__EXERCISE__. Lines from the one containing "Masonite interiérové dveře" through the final line of the data, restated word for word and free of pictures, make up the whole answer.

__DATASET CONTENT__.
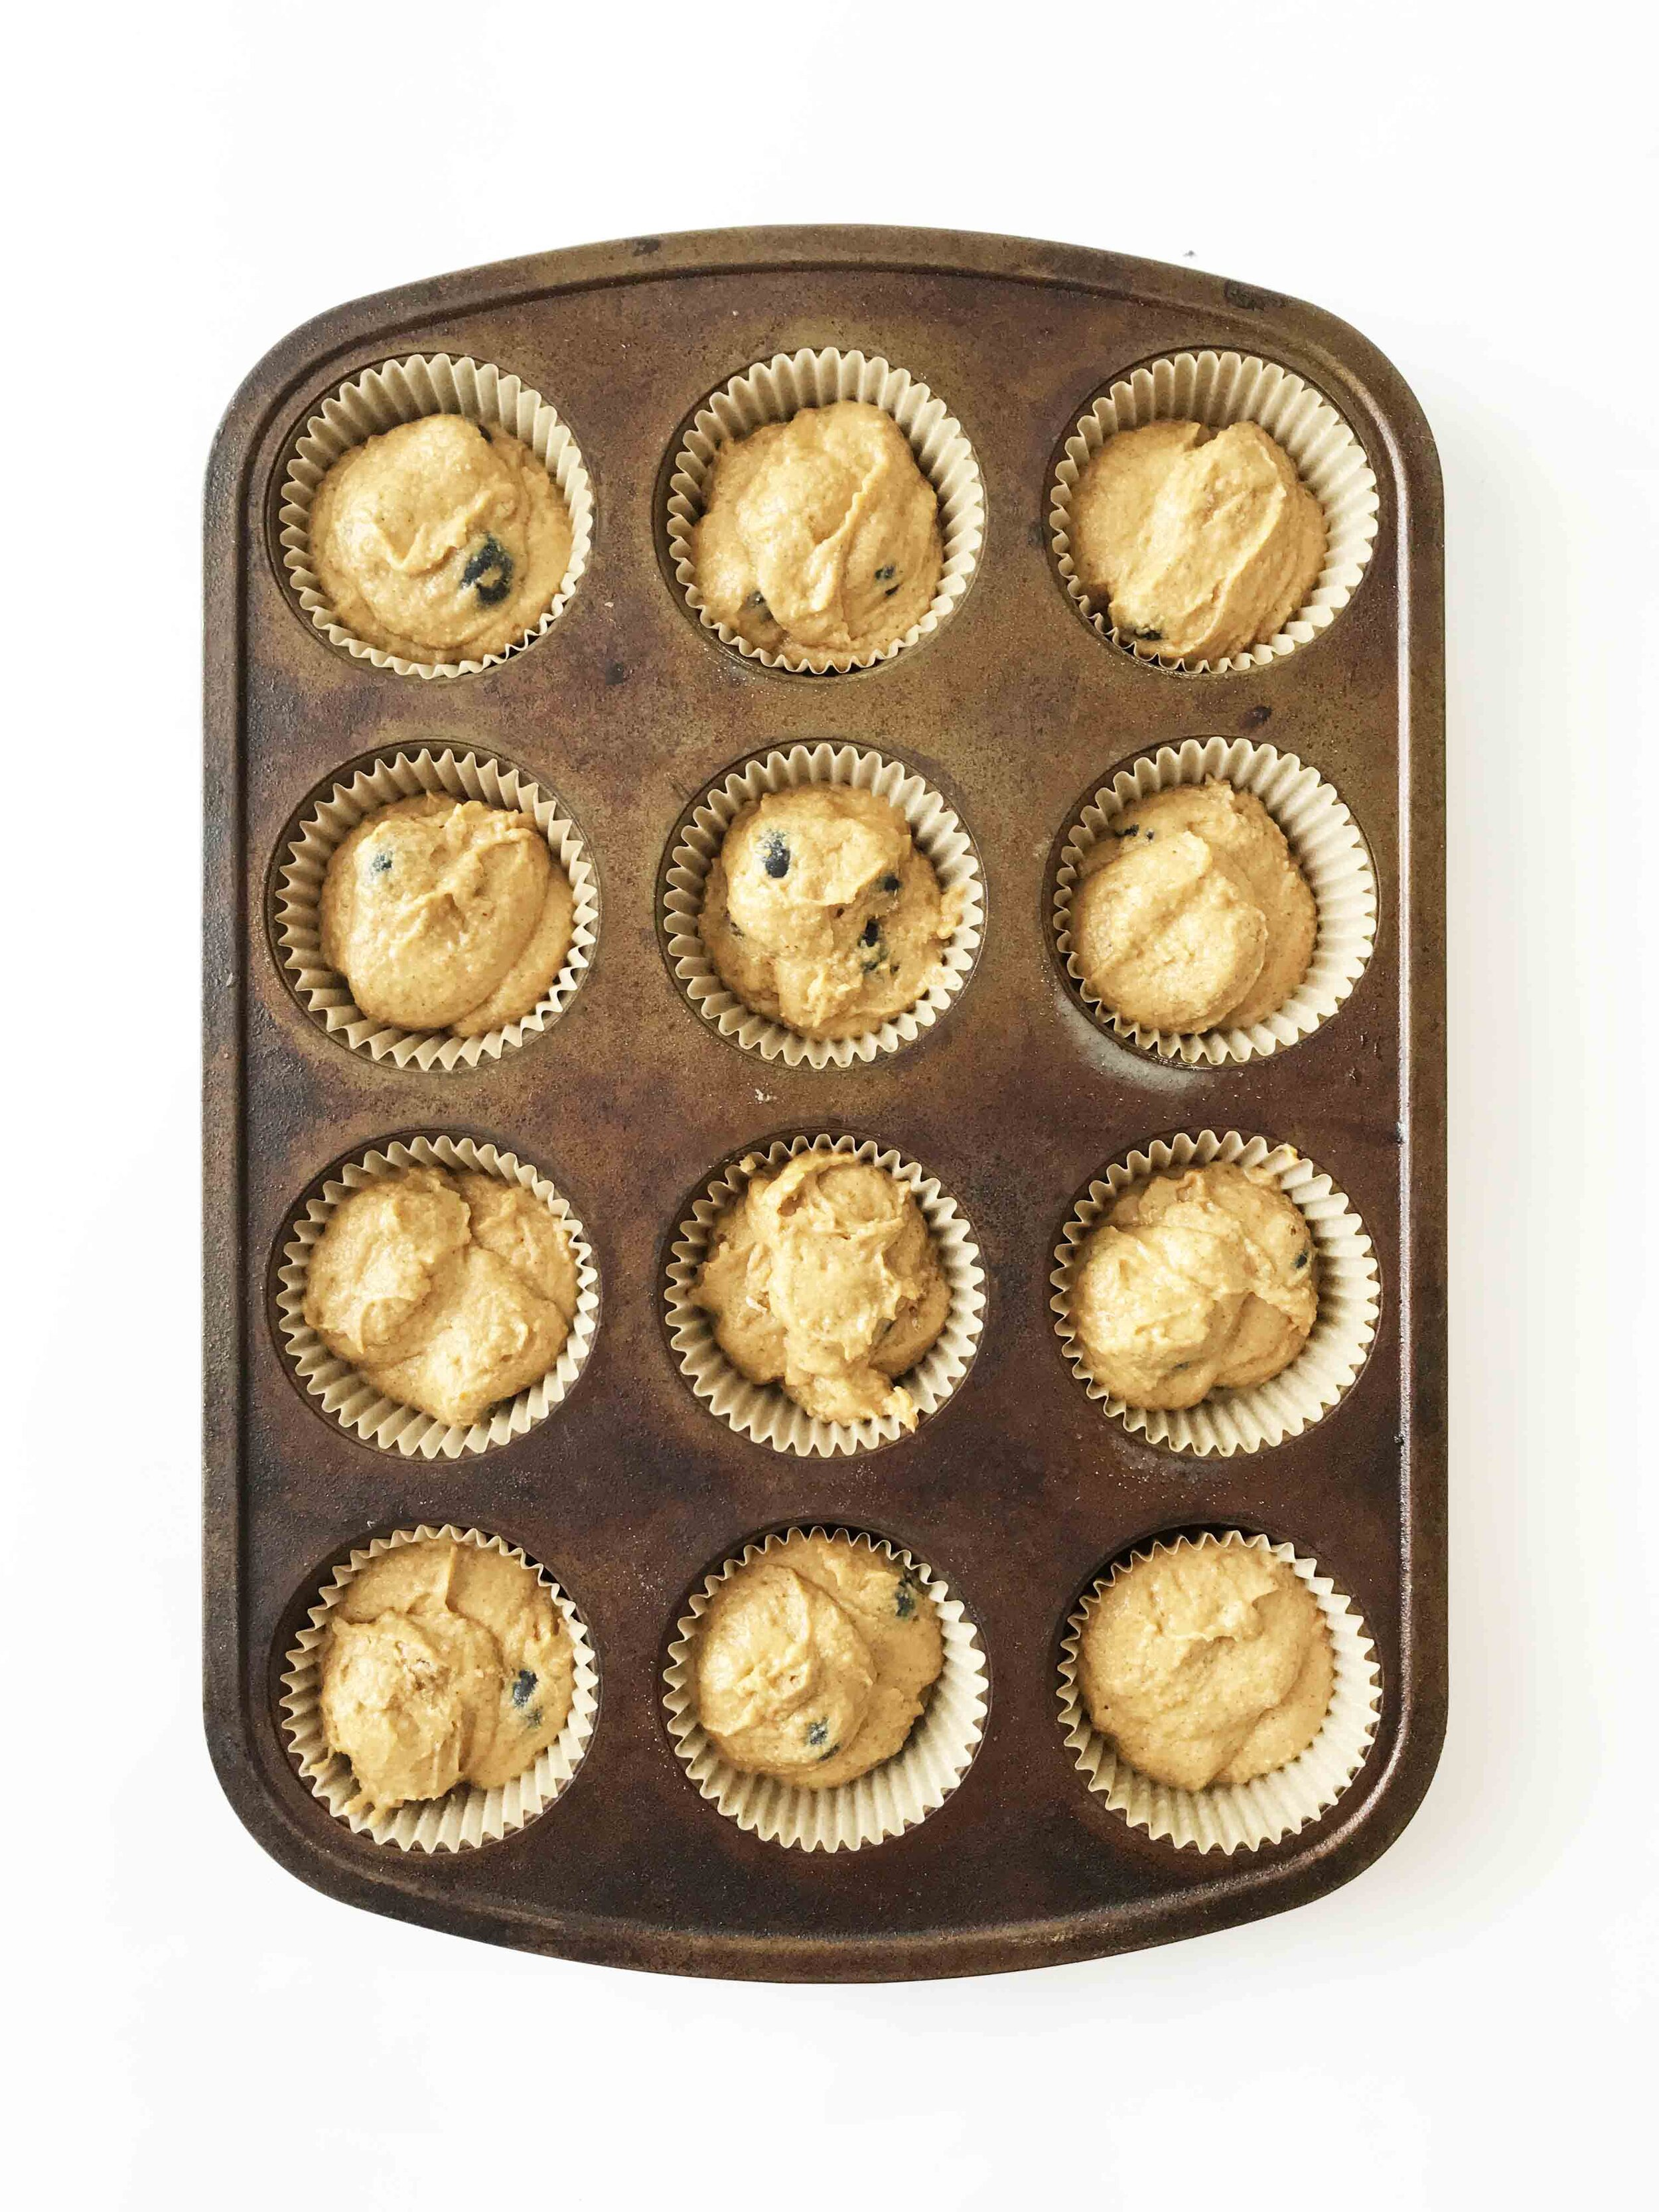 pumpkin-spice-blueberry-muffins5.jpg
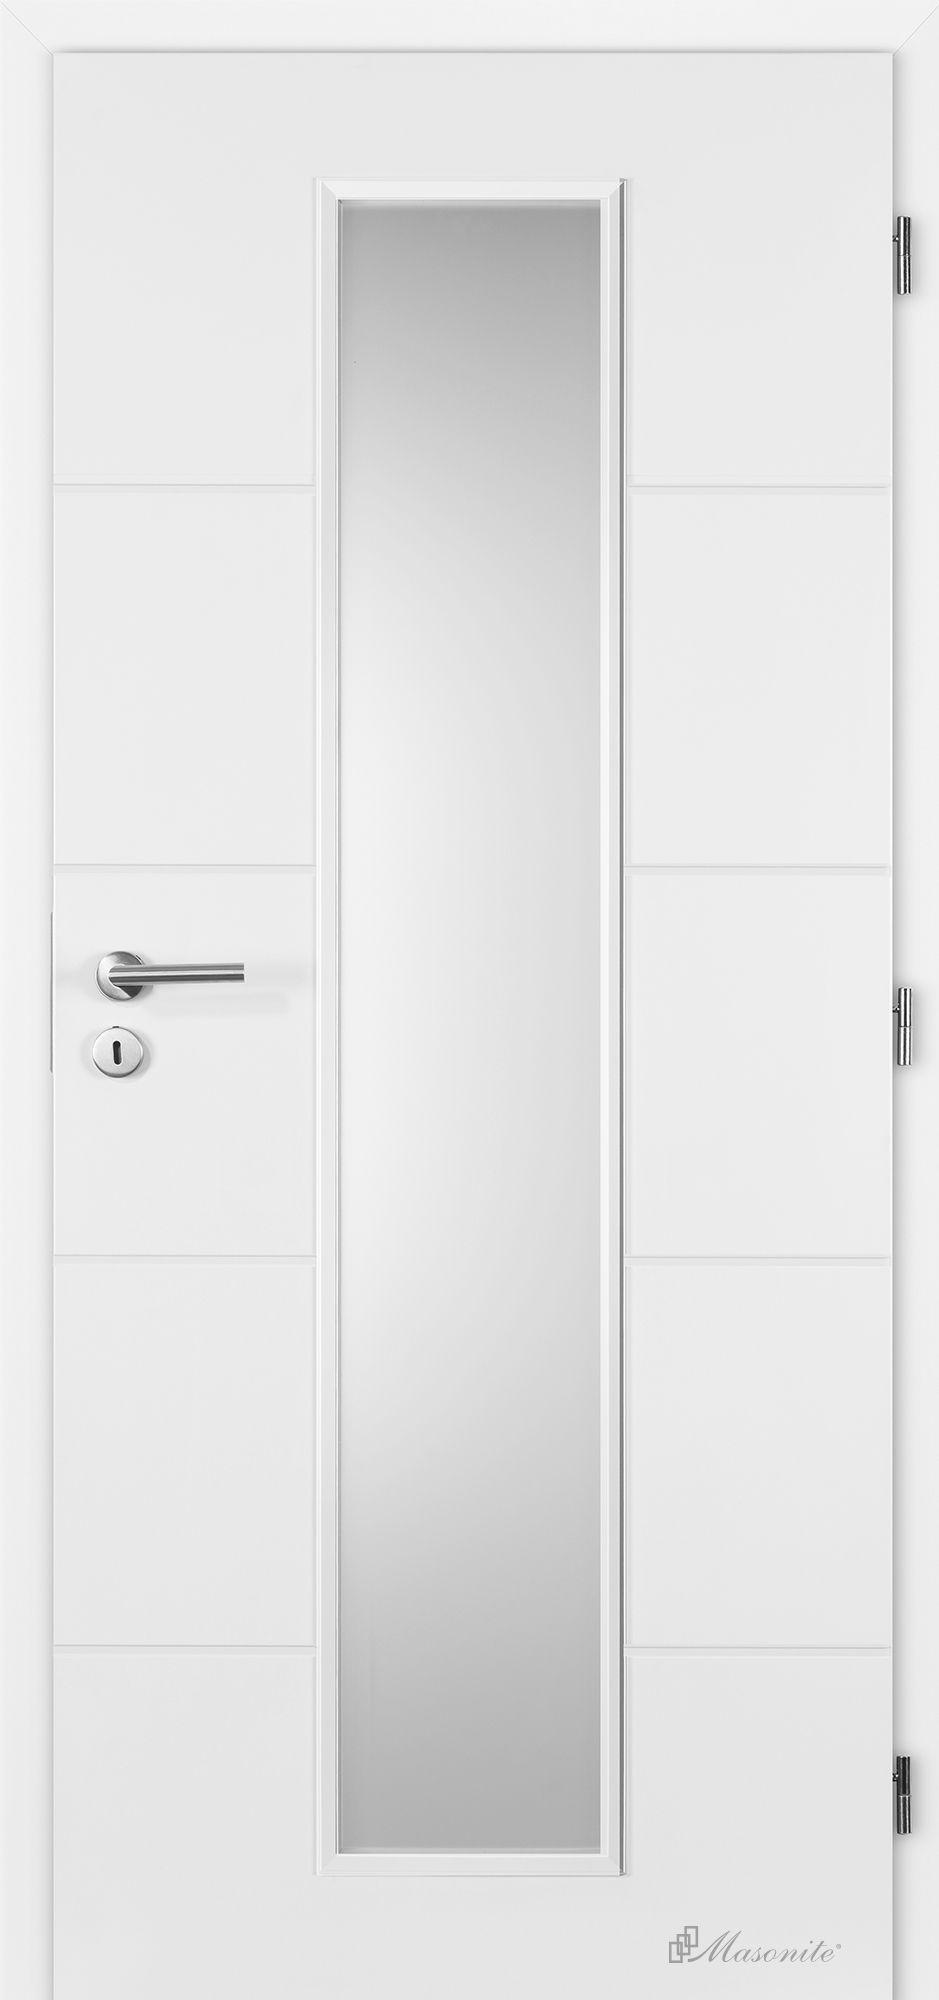 Masonite interiérové dveře QUATRO Linea hladké bílé 60 cm, voština
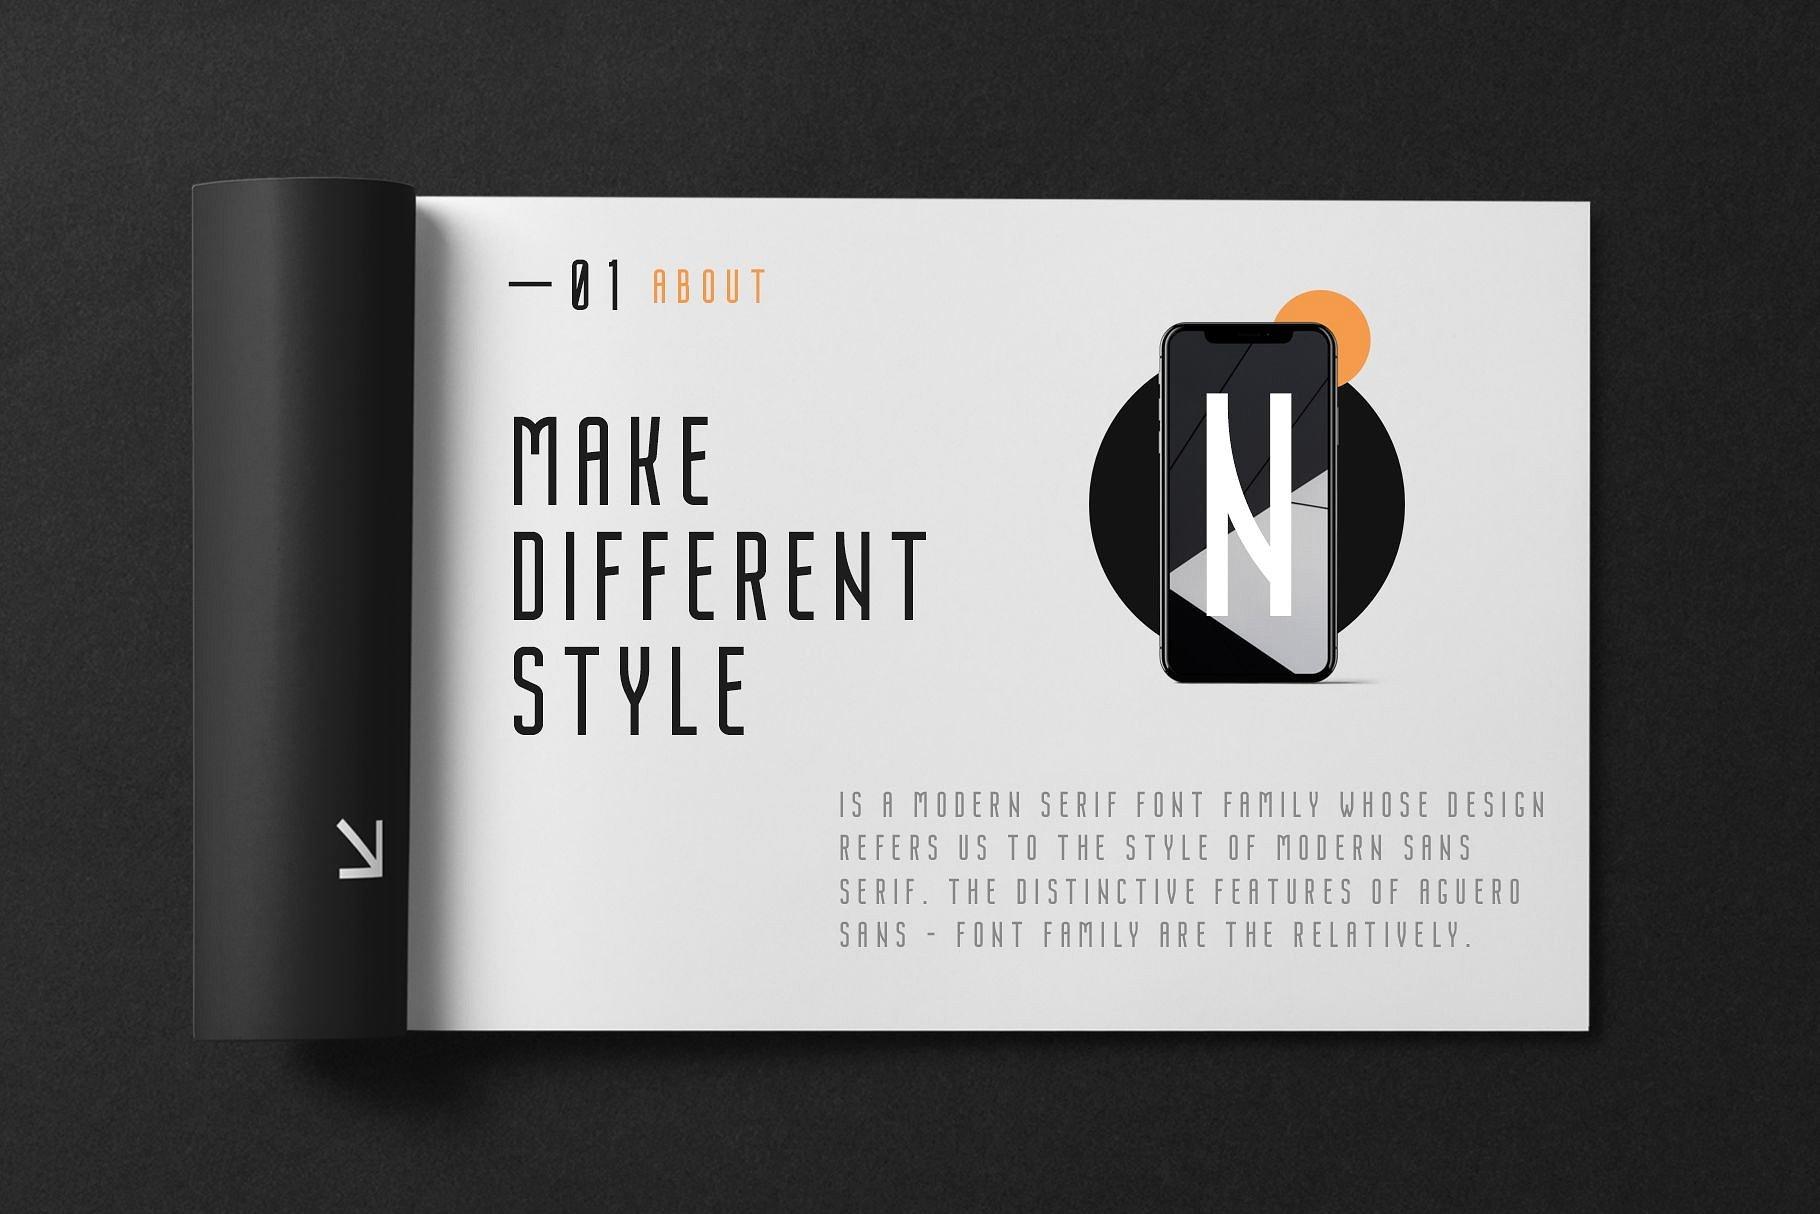 nordin-sans-serif-font-3
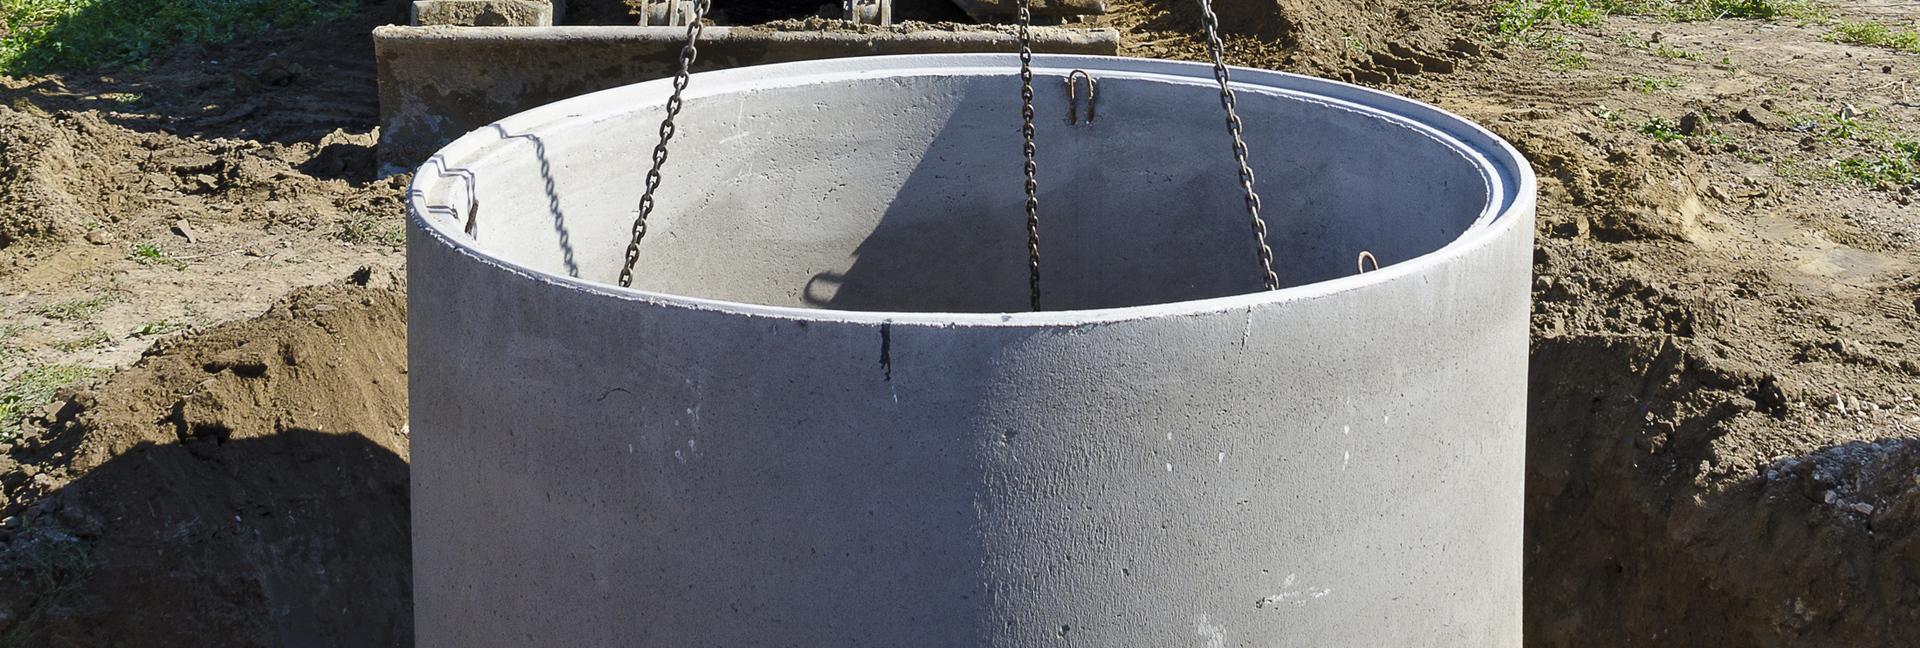 Wattier & Claus Construct - Pose et réparation de citerne à eau de pluie

__FINAL ANSWER__.
 Masonite interiérové dveře QUATRO Linea hladké bílé 60 cm, voština
 nordin-sans-serif-font-3
 Wattier & Claus Construct - Pose et réparation de citerne à eau de pluie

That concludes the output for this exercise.